Can someone check my Stats?

[Grendel]

I've forgotten all my stat-math.

Here's my problem:

In a population of 20 million people I know that 53 people have the surname 'X'. (I need to know random values, ignoring family and tribal connections)

If I reach into the people-bucket and pluck out one person, then I calculate the chances of that person being X are (20,000,000 / 53) = 370,000:1 against. To be statistically confident of plucking out X I would have to scoop out 370,000 people at once.

But if I can only scoop out 20,000 per dip, then what are the odds of 'X' being in that 20K scoop? I work this out at

A: (370,000 / 20,000) = 18.5

Now what are the chances of a random 20K scoop containing two 'X's?

B: (18.5 x 18.5) = 340:1 or 6.8 million people.

Now what are the chances of them both having the same initial?

C: (340 x 26 x 26) = 230,000:1 or 4.6 billion people.
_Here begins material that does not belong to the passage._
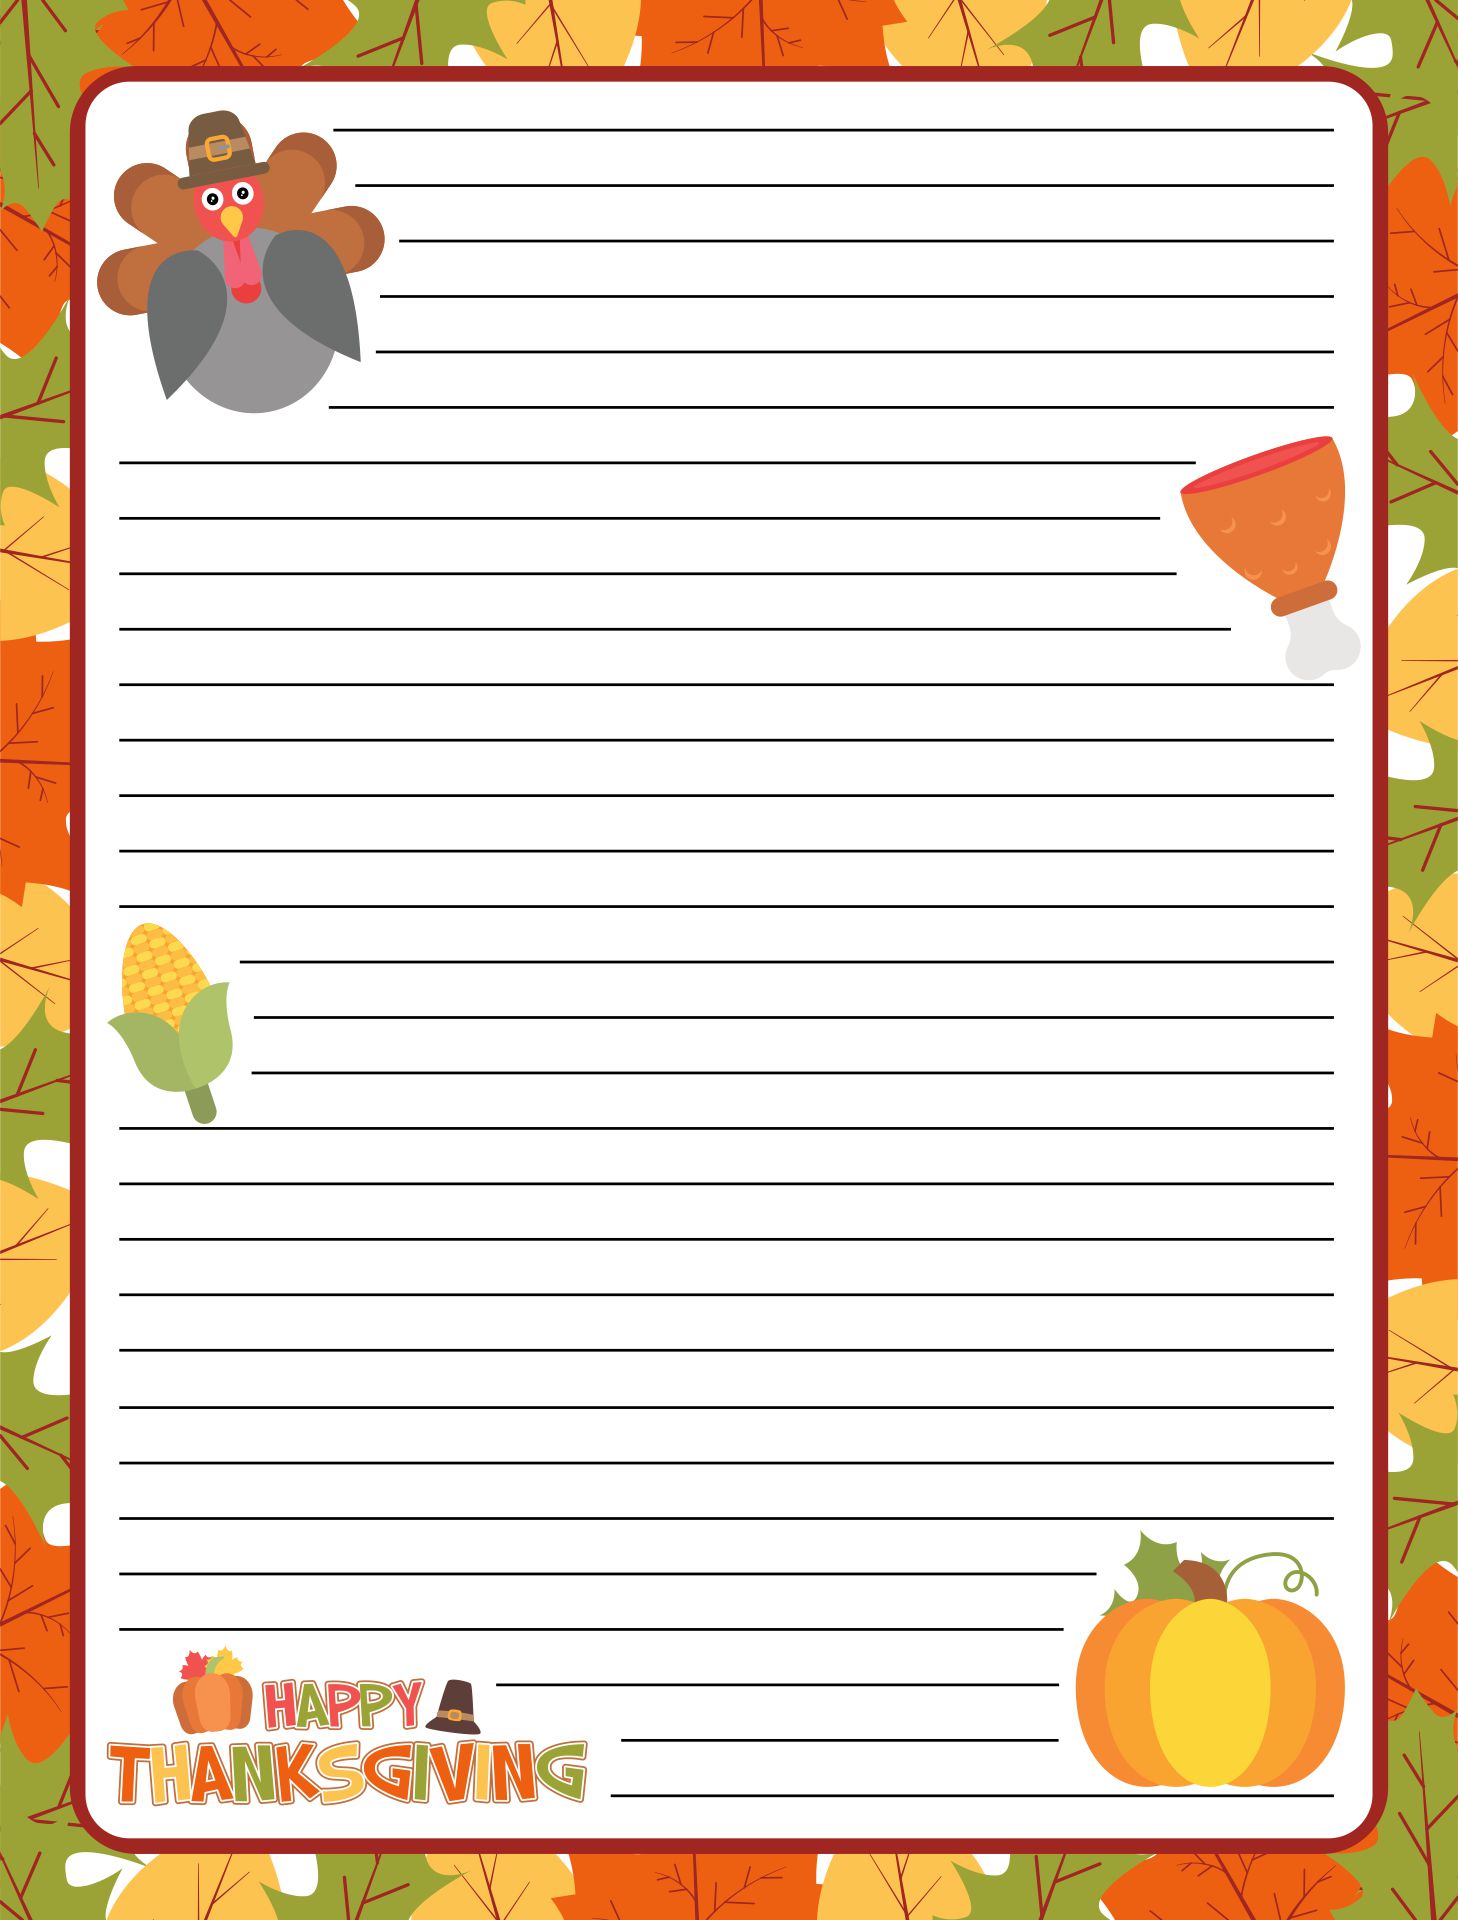 Printable Thanksgiving Lined Writing Paper

I would have to scoop the bucket 230,000 times (with 20K scoops) or I would need a population of 4.6 billion people to be confident that two 'X's have the same initial?


Is this correct?



Cheers Greg

 

[Swammerdami]

As a general principle, remember to distinguish "A to 1 against" odds from "B for 1 against." B = A+1

Another useful idea is to be precise: 20000000/53 is over 377,000, not 370,000. Approximations are fine for many purposes, but why impose unnecessary burdens when seeking help?

If I reach into the people-bucket and pluck out one person, then I calculate the chances of that person being X are (20,000,000 / 53) = 370,000:1 against.

[X]: To be statistically confident of plucking out X I would have to scoop out 370,000 people at once.

But if I can only scoop out 20,000 per dip, then what are the odds of 'X' being in that 20K scoop? I work this out at

A: (370,000 / 20,000) = 18.5

Now what are the chances of a random 20K scoop containing two 'X's?

B: (18.5 x 18.5) = 340:1 or 6.8 million people.

[C]: Now what are the chances of them both having the same initial?...

X: Don't be too confident! You'll fail to find X in that sample 36.8% of the time. (That's the reciprocal of Euler's Number.)
Intuition: The expected (average) number of X you'll find is 1.0 exactly. But sometimes you'll find more than 1; therefore sometimes you'll find less.

[A] Your calculation yields 18.87 for 1 (or 17.87 to 1), not 18.5 to 1. But the calculation would be incorrect anyway, for reasons related to (x).
A better approximation(*) is that success occurs with probability 1 - exp(20000* ln(1 - 53/20000000)) = 5.16%
By coincidence this is expressed as 18.4 to 1 — almost the figure you give. Sometimes two wrongs do make a right!
(* - this formula works for sampling with replacement. It's good enough here because X's density, starting at 53 units, gets up only to 53.053 units after 19,999 non-X withdrawals.)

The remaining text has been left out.